[liberationtech] Safe app like Dropbox?

Jacob Appelbaum jacob at appelbaum.net
Mon Jan 7 16:57:17 PST 2013


Julian Oliver:
> ..on Mon, Jan 07, 2013 at 02:20:28PM -0800, John Adams wrote:
>> On Sun, Jan 6, 2013 at 1:47 PM, Jacob Appelbaum <jacob at appelbaum.net> wrote:
>>
>>> I generally agree that the data should be encrypted, though I think it
>>> should also be authenticated and integrity checked before it is actually
>>> used.
>>>
>>
>> If this level of paranoia is relevant to you, then maintain multiple
>> offline SHA, MD5, and other checksum formats before use.
>>
>> It would be trivial to script this outside of Dropbox's scope.
>>
>>
>>> I also think most disk images are not actually that difficult to brute
>>> force - I was involved in a project to perform FileVault bruteforcing
>>> accelerated by an FPGA a few years ago. With a modern GPU, I think
>>> things are pretty slanted toward the attacker.
>>>
>>
>> Saying that it's possible to break all encryption, all the time, is a
>> non-answer and doesn't address practical uses of cryptography.
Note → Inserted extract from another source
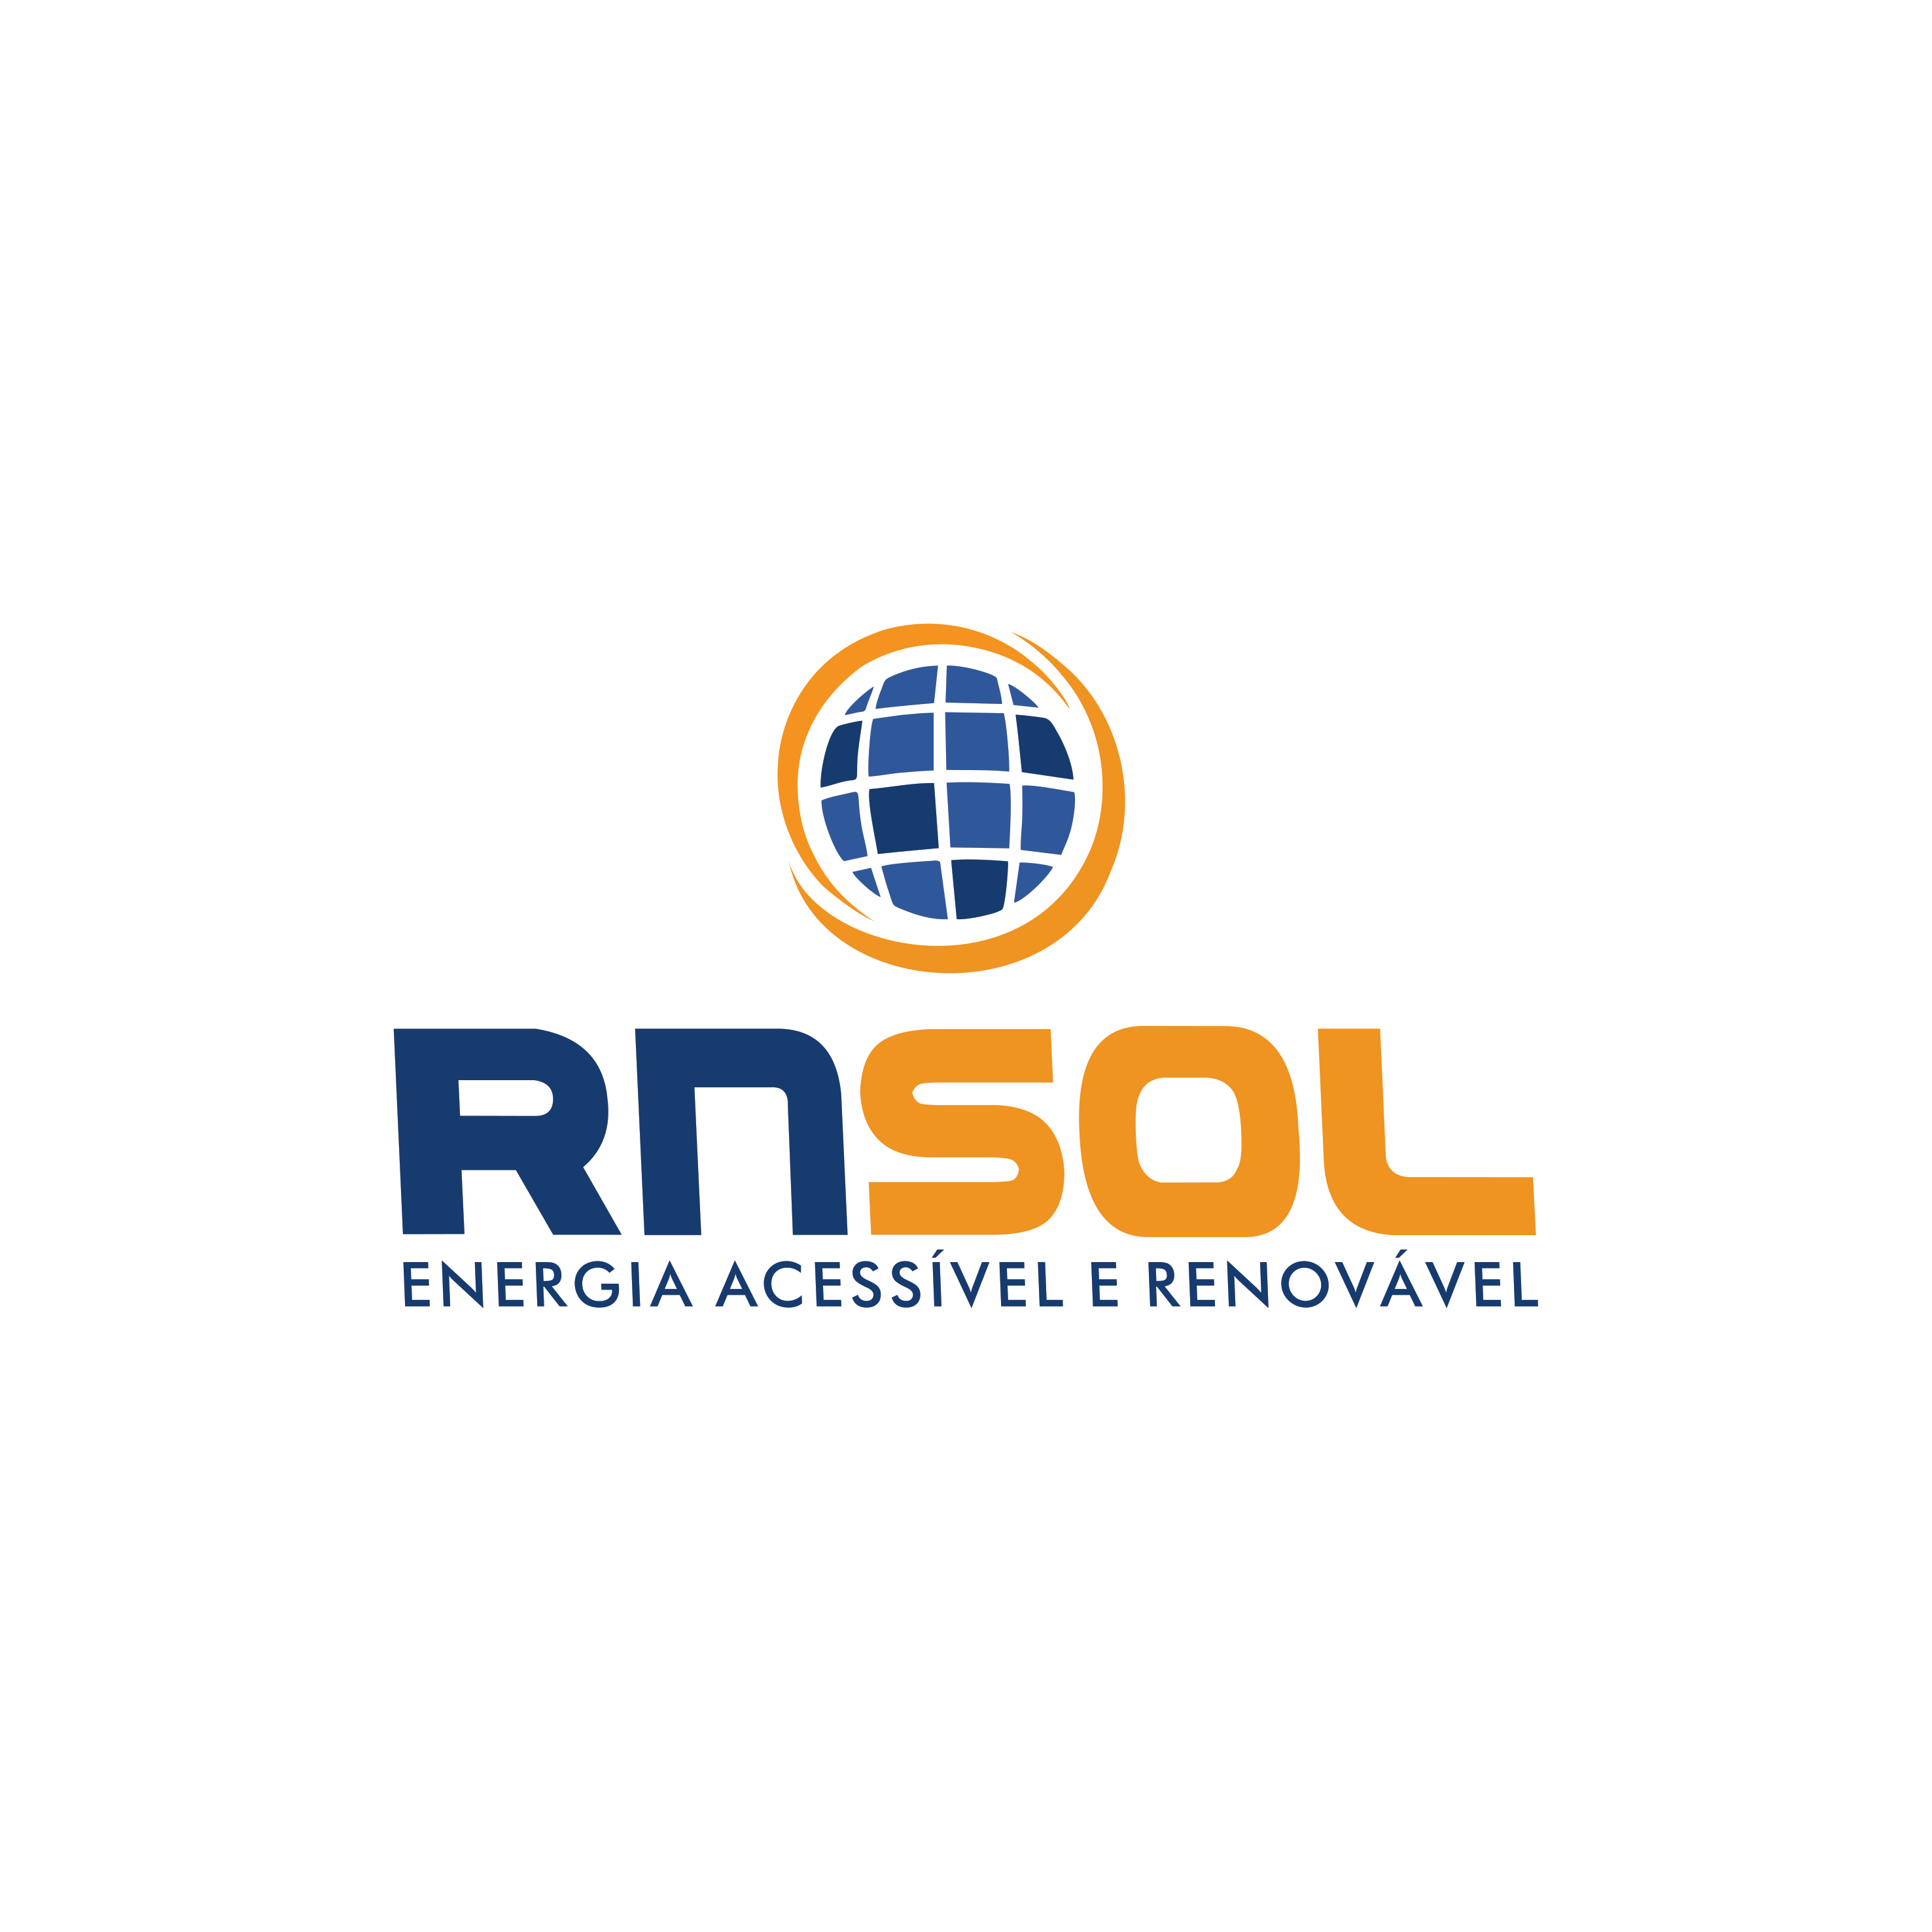 RN Sol – Energia Acessível e Renovável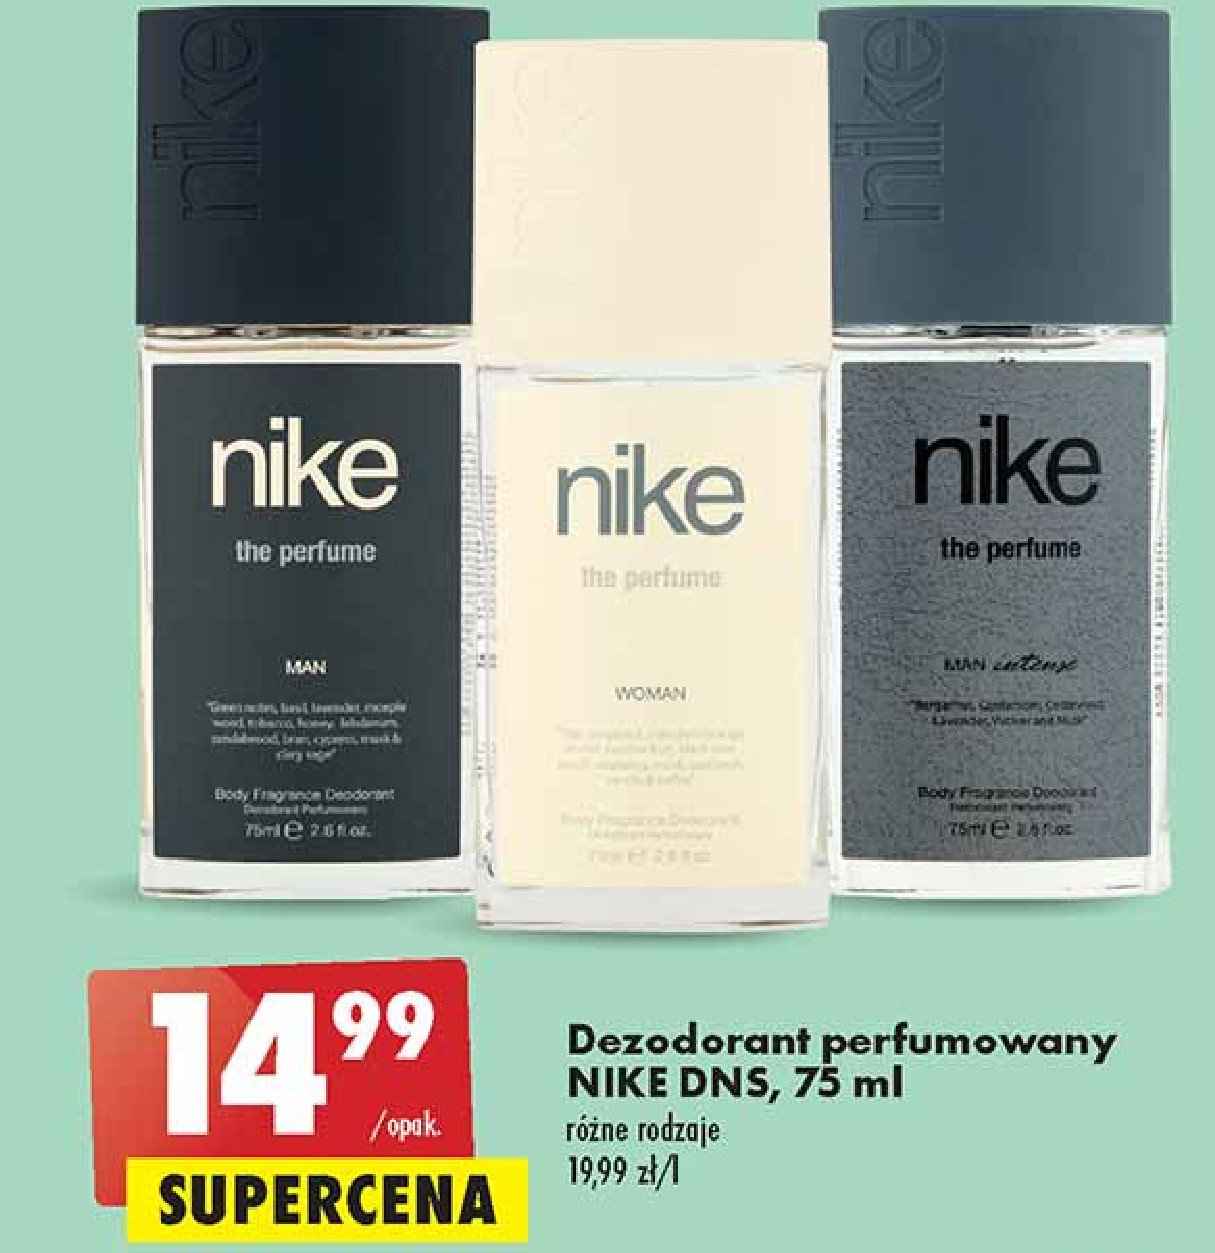 Dezodorant NIKE THE PERFUME MAN INTENSE Nike cosmetics promocje

It also
>> creates an environment of fear for casual users.
> 
> Well said! Context is more important than the generalised fear of The
> Vulnerability. 

What world wide context are you operating in exactly? How does that
compose with your local context?

> As long as people are entirely dependent on the discreditations of 'security
> experts' they're not making decisions, in local knowledge, for themselves.
> Hence, experts can even put people at greater risk. 
> 

Dependence on experts is a problem. Dismissal without a reasonable
solution is as big of a problem if not bigger, I think.

> The 'security' of any service, method or protocol is always relative to the
> context it is used within. Crudely put, two friends chatting loudly in a street
> parade may carry less risk of eavesdropping than sending a 4096 bit GPG
> encrypted email from one host on the Internet to another.
> 

In a sense, sure. Absent an attacker, lots of stuff is "secure" by some
arbitrary standard. However, I'd say factually checking if something is
practically broken or safe when there is a given threat is rather
straight forward. If you're using RSA with a 512bit modulus, it isn't
secure by our standards today and it won't survive passive
eavesdropping. If an attacker is able to access an account and they do
replace the encrypted file, the attacker likely has a rather soft attack
surface to poke. Similarly, chatting on the street isn't secure, it may
simply be that no one was listening or the attacker didn't reveal that
they were listening.

Contextually I understand that one might feel safer but I think neither
stands up to real scrutiny when there is an attacker. It seems rather
straight forward to ensure that counter measures are taken and that the
underlying technology provides certain assurances.